[TASK DIRECTIONS]
Print the listing below again, exactly. Skip the pictures.

[THE DATA]
----

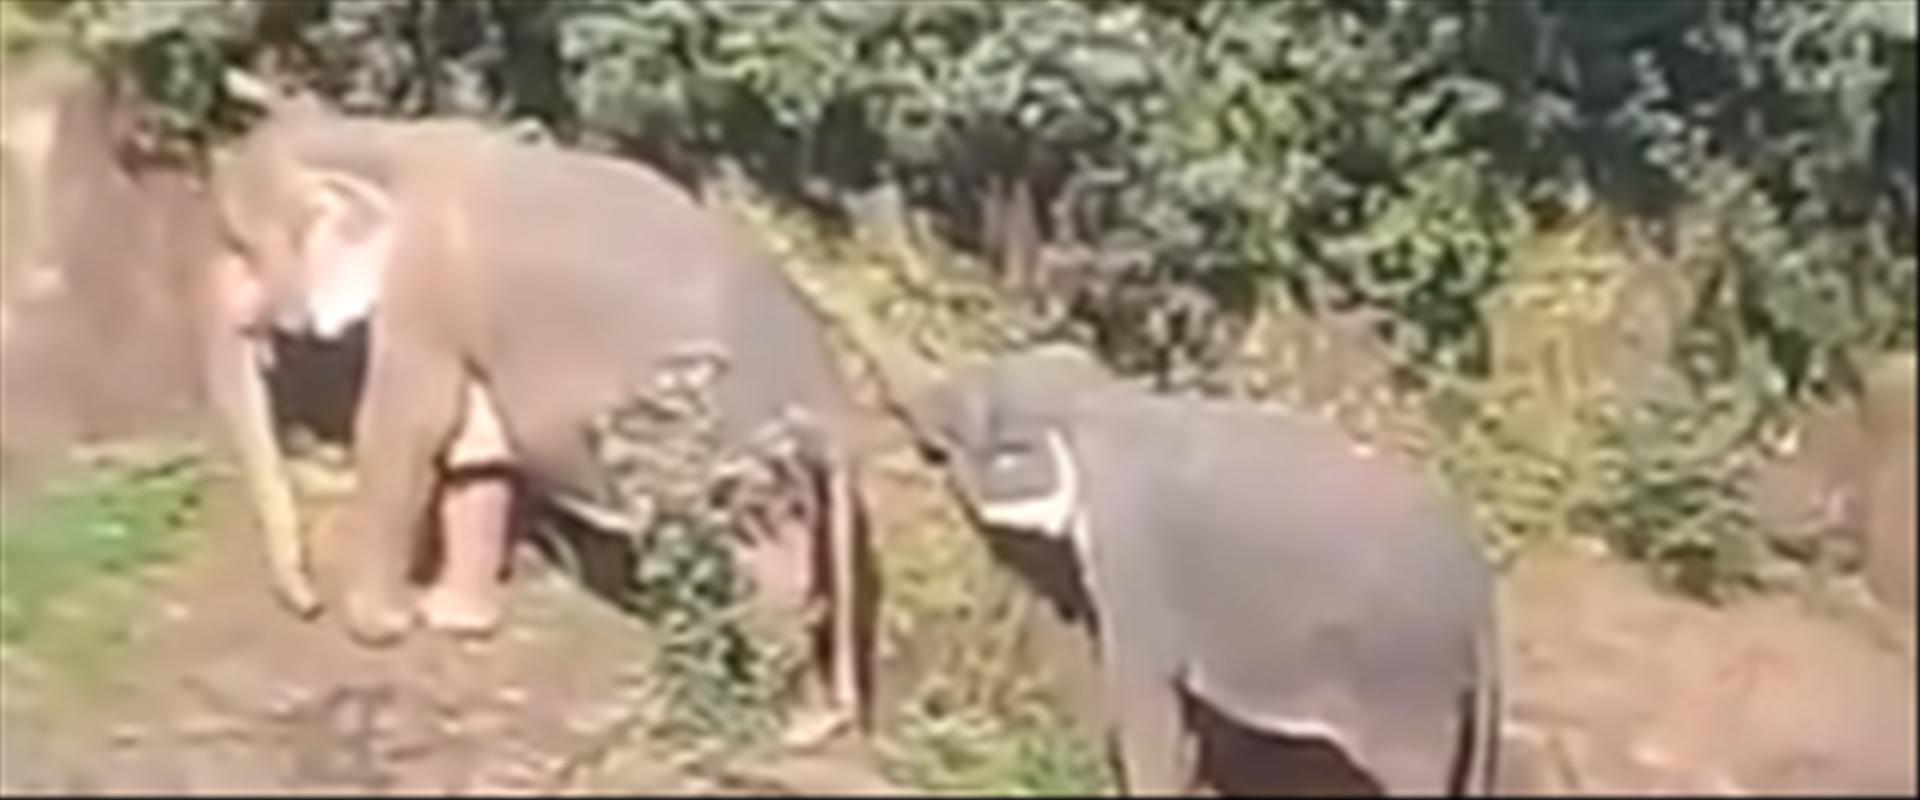 שניים מן הפילים בעת ניסיון ההצלה
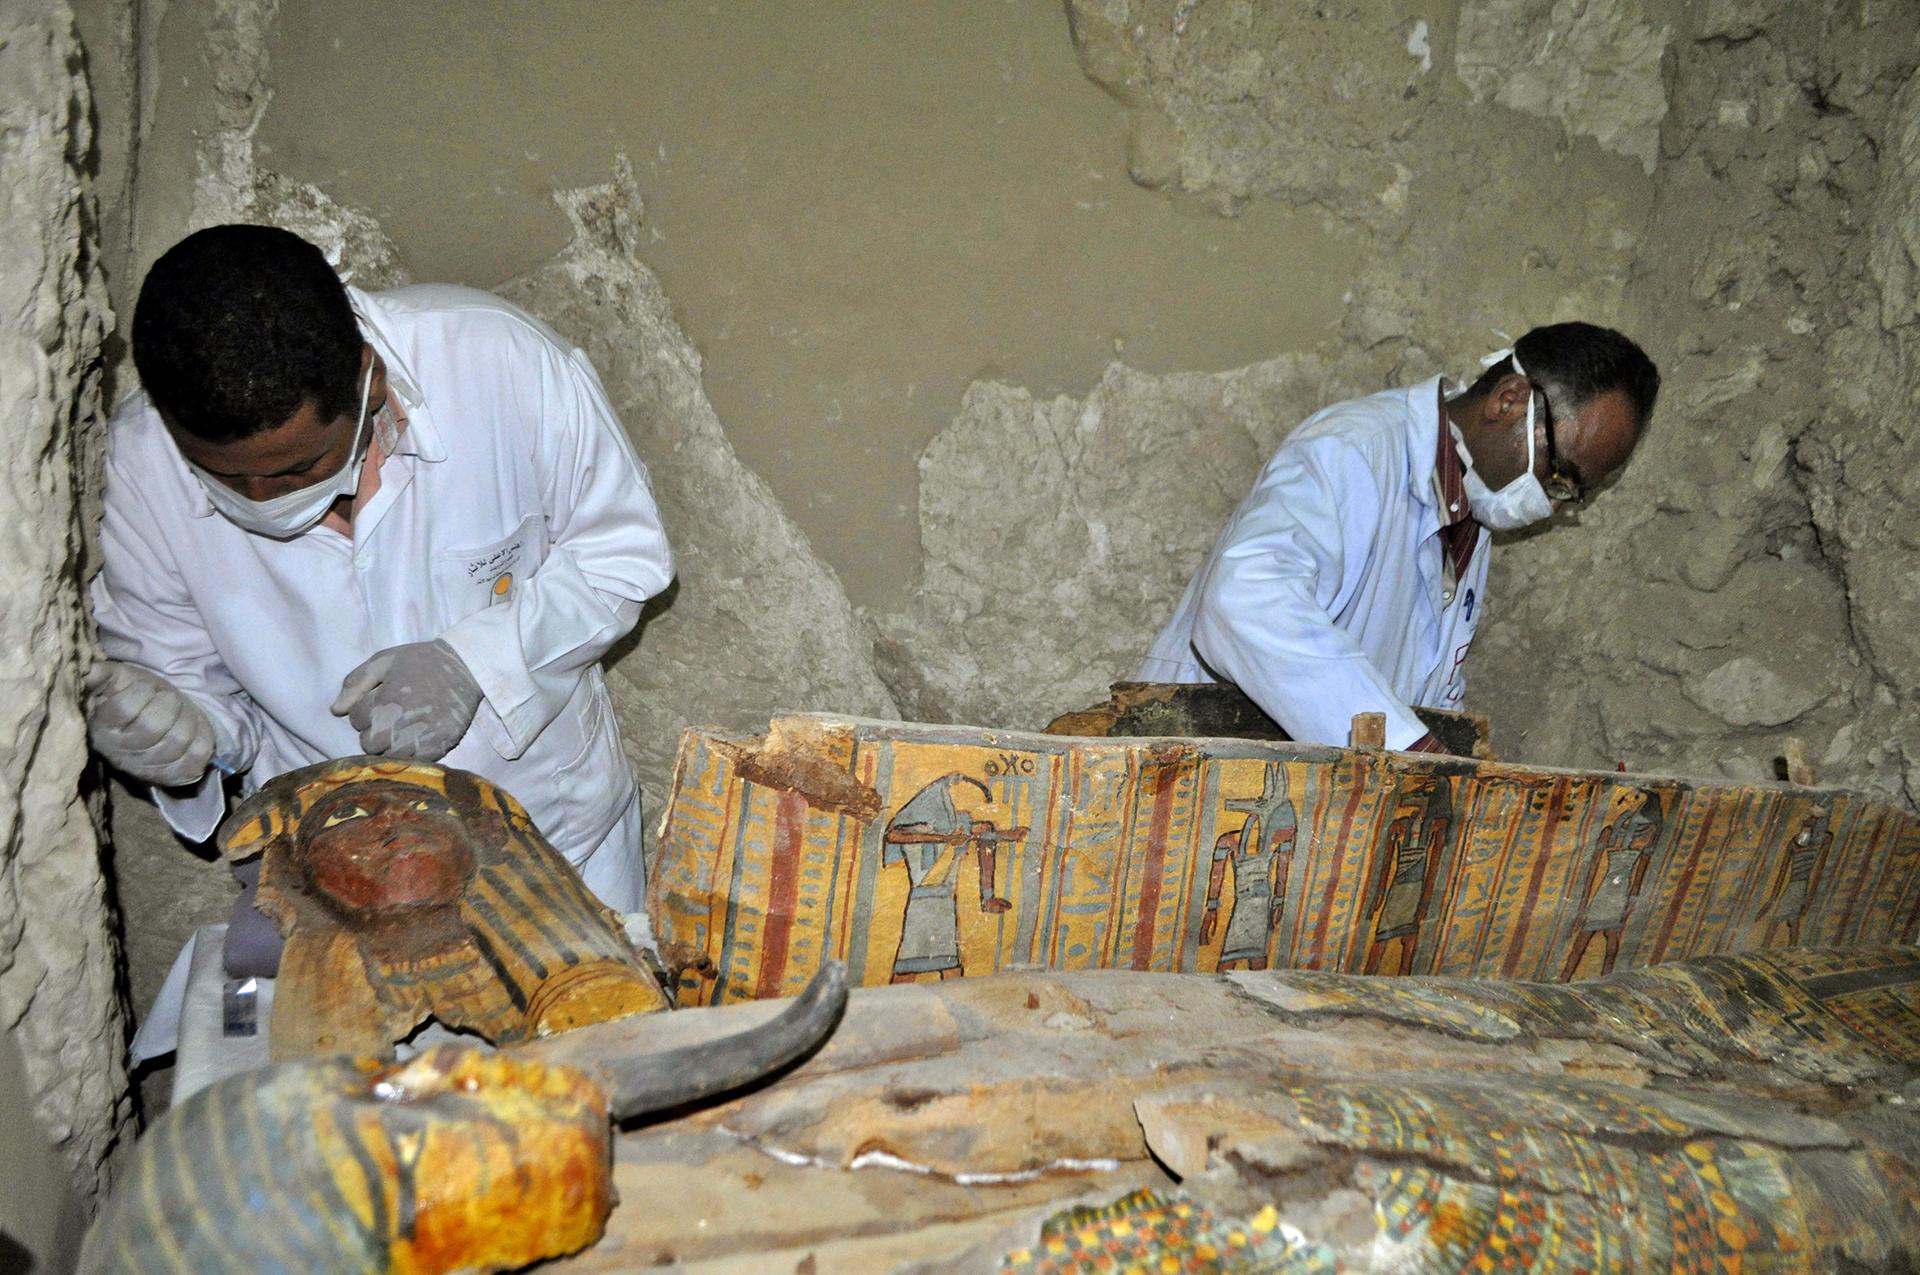 Arqueólogos restauranun ataúd de madera en una tumba de 3.500 años de antigüedad (Foto: AFP )
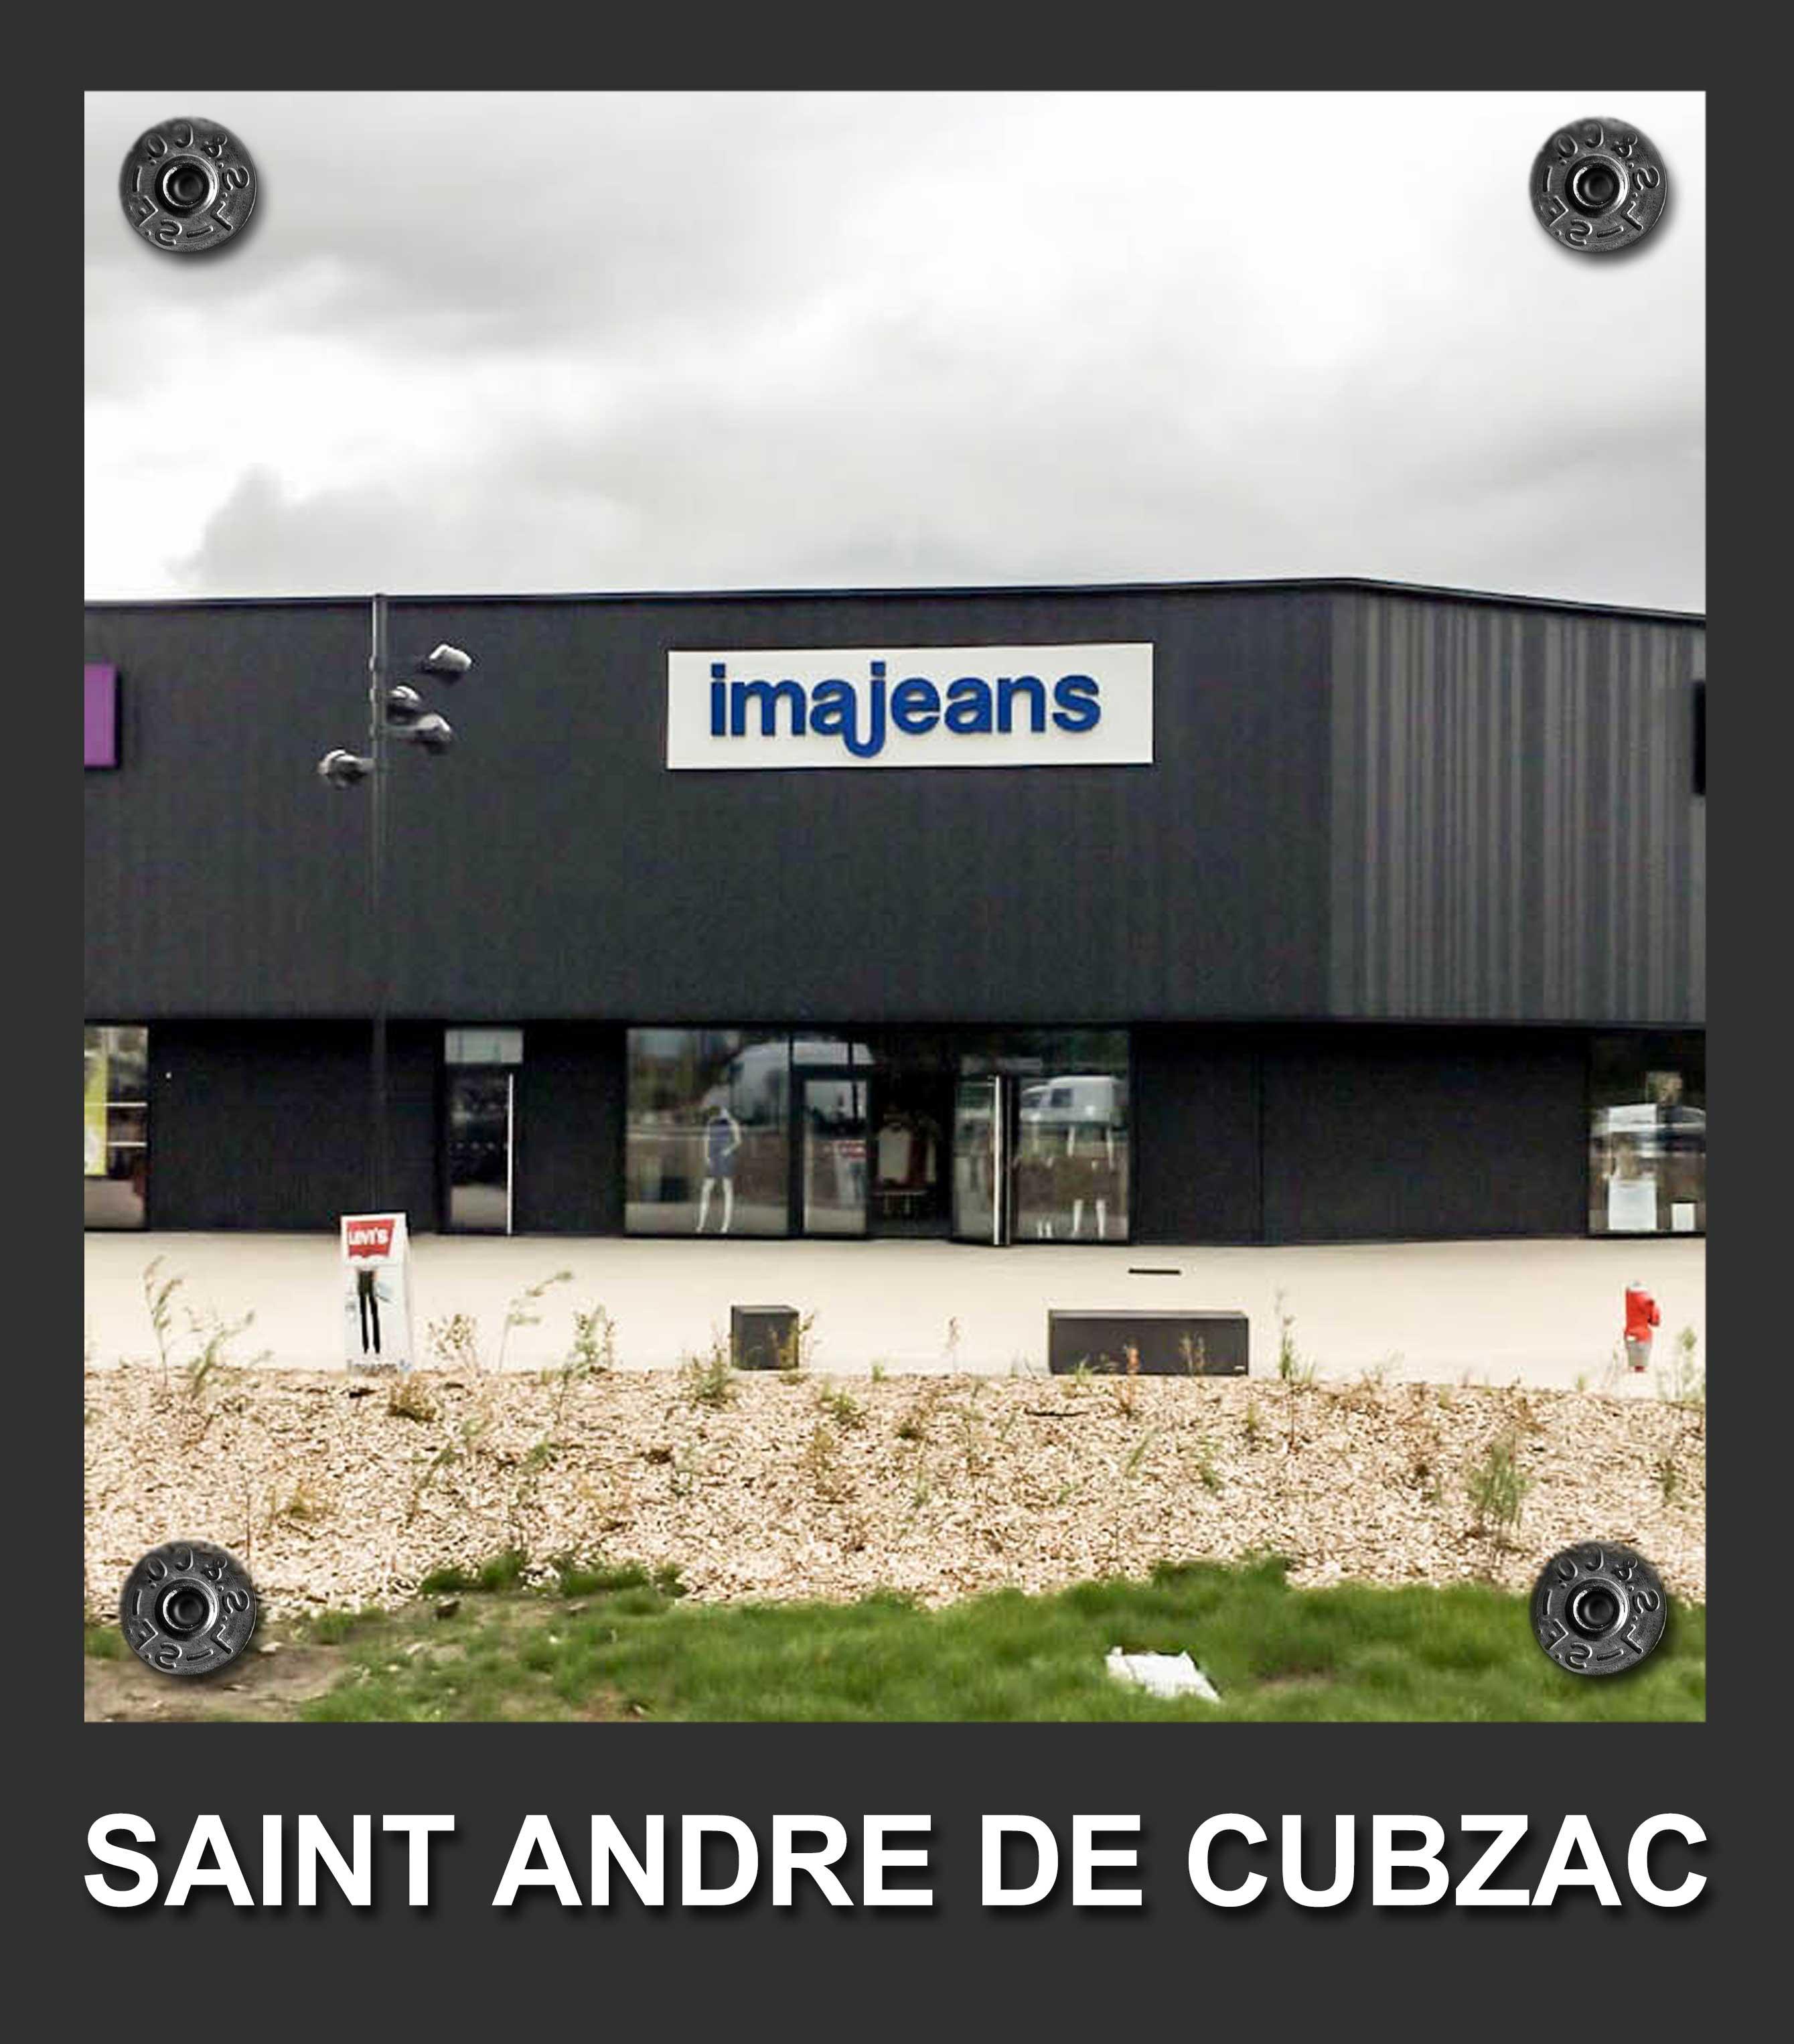 Imajeans Saint André de Cubzac

----

[SOLUTION TO THIS TASK]
 שניים מן הפילים בעת ניסיון ההצלה
 Arqueólogos restauranun ataúd de madera en una tumba de 3.500 años de antigüedad (Foto: AFP )
 Imajeans Saint André de Cubzac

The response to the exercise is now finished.